# What this task involves
When you return the data, keep every word exact and include none of the images.

# Exercise data

>>>>

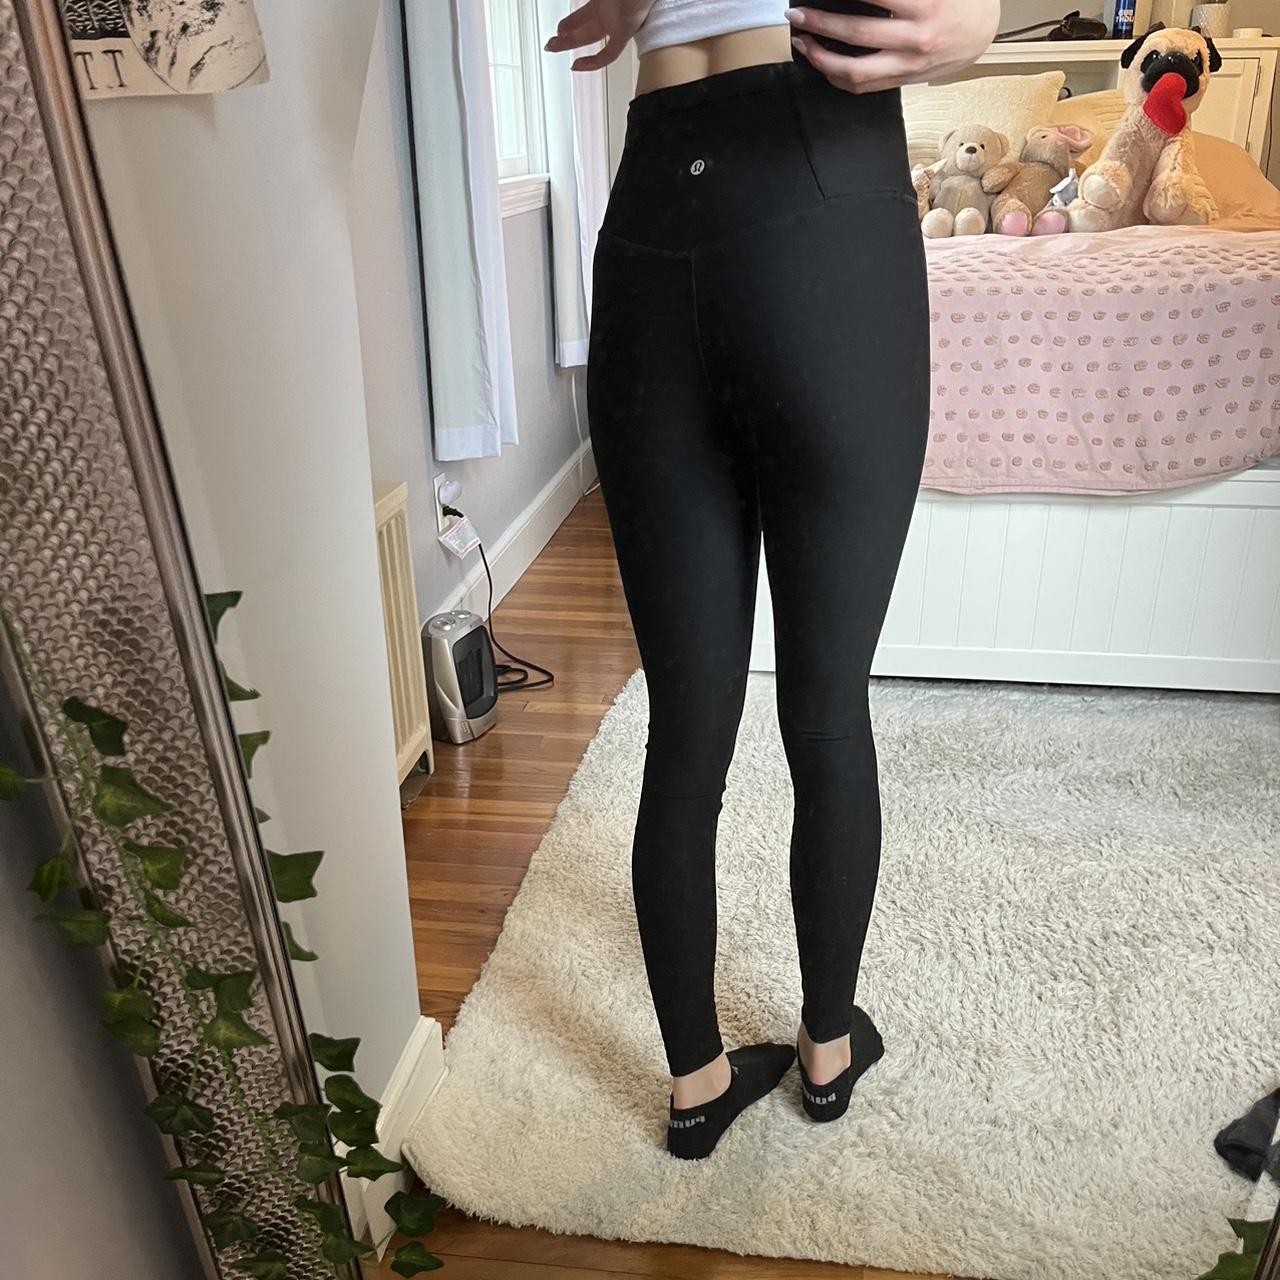 These Lululemon leggings are perfect for any
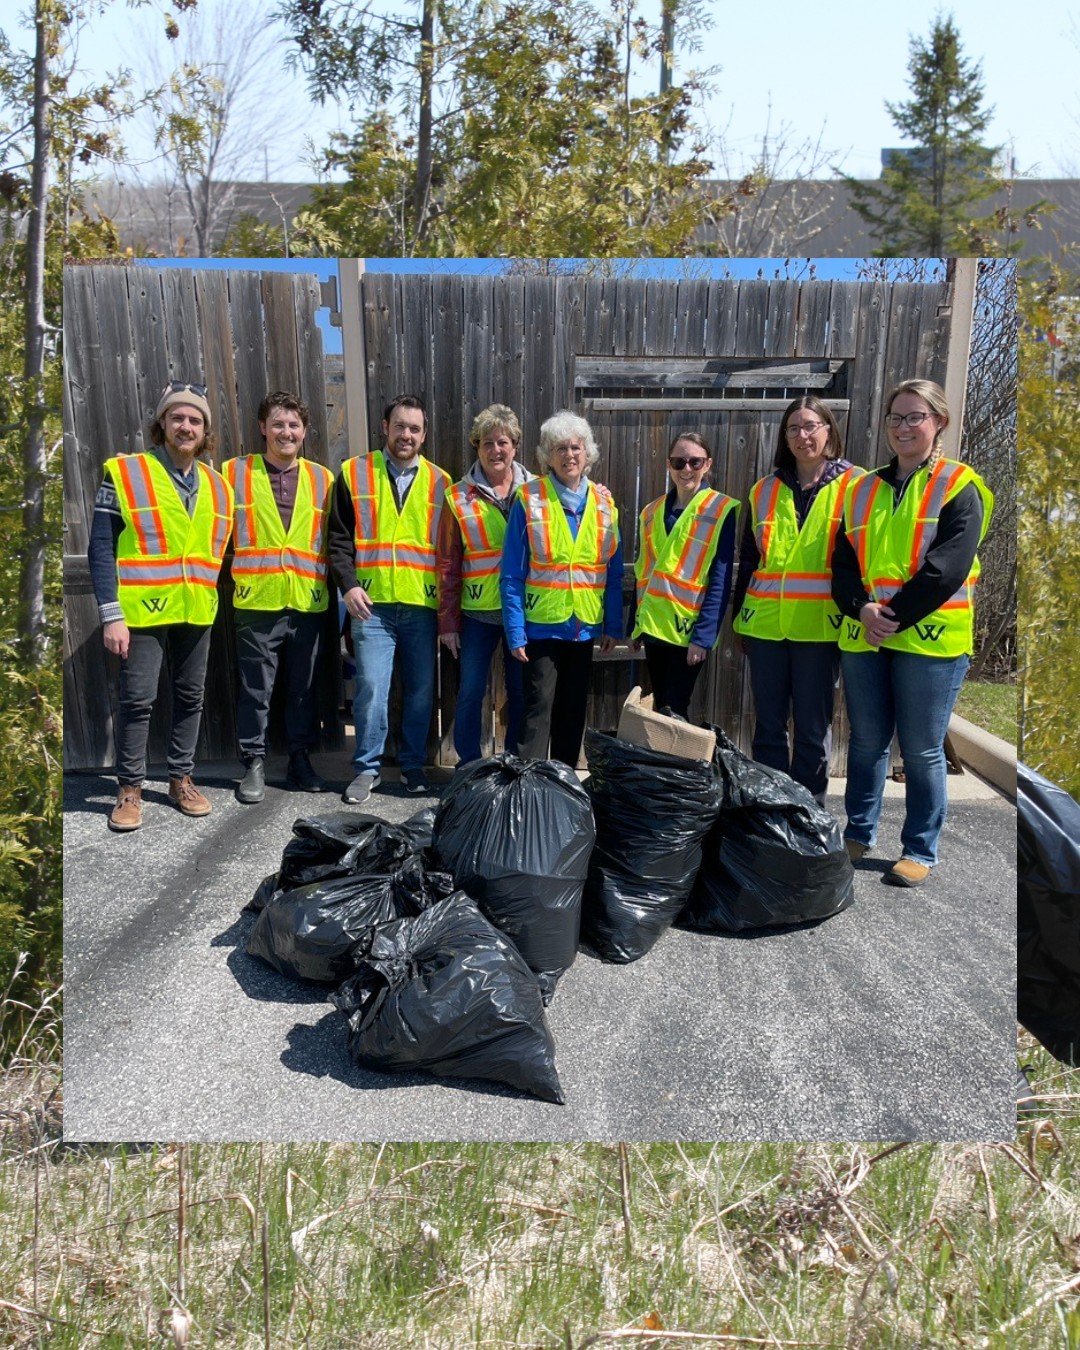 Get outside and show the earth some extra love today! 

Each year we take on neighbourhood clean-up projects in honour of Earth Day. 

Remember, it doesn&rsquo;t have to be big to make an impact. Even just picking up a few pieces of trash from around

<<<<

# Response
 These Lululemon leggings are perfect for any
 Get outside and show the earth some extra love today! 

Each year we take on neighbourhood clean-up projects in honour of Earth Day. 

Remember, it doesn&rsquo;t have to be big to make an impact. Even just picking up a few pieces of trash from around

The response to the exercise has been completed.